I was eighteen. My best buddy Jeff Roberts and I were standing in line waiting to get into a cheap-ass-beer kind of joint. Jeff is a funny person, to me at least. Others might think he’s a wise guy. So he says something funny and nonthreatening to a gentleman standing in front of us. Suddenly there are three guys towering over Jeff. One of them goes “Blah-Blah-Blah” and pushes Jeff. Into the fracas I fly. Blood is spilled and we all leave the club a little worse for the wear. Except that I’m feeling pretty good inside for helping Jeff. Flash forward to some 40-ish man belittling a Texas State freshperson about not throwing the Frisbee right. This same man then throws the Frisbee across the river, hitting an unsuspecting student with it. This goes on for years because the man is an “icon” and nobody says anything about it. Until one day I decide to stand up to this bully. One small shove from me. One giant shove for all underdogs.

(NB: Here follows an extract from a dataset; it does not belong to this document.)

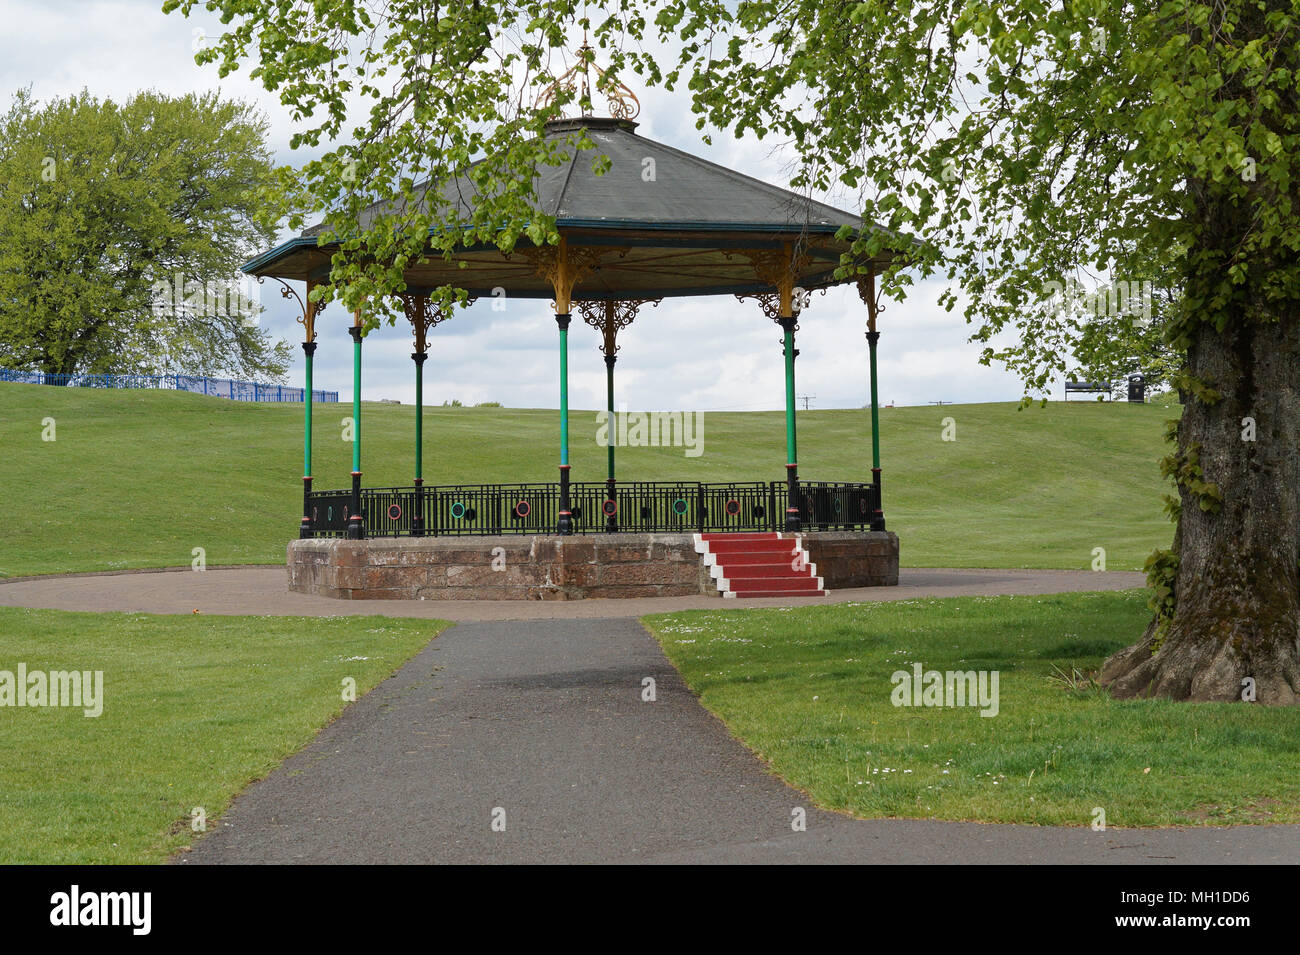 Strathaven Park Bandstand, John Hastie Park, South Lanarkshire on a Sunny Day Stock Photo

I get it that most bullies are just looking for the attention they never got as kids. But allowing inappropriate behavior is the same as condoning it.
Interestingly enough, this bully behavior can also be found anywhere free speech takes place. For example, there’s a statue on the Texas State campus named The Stallions where people can gather to share their ideas. Sometimes they bring bubble machines and dance (I’ve been known to do my dance there a few times). Occasionally some preacher dude shows up shouting at students and telling them they’re sinners. Pushing your beliefs on someone is the same as pushing them on the playground. Not cool.
Being kind and “paying it forward” is a positive and loving way to make our society better. But sometimes we need to take a stand against bullies and tell them they’re wrong, in whatever way works best for you. Confronting a bully is a hard thing to do sometimes, but I look at it this way: It’s like going to one of those character-building workshops free-of-charge. Except that you feel better because you did it all by yourself. And you did it because it was the right thing to do.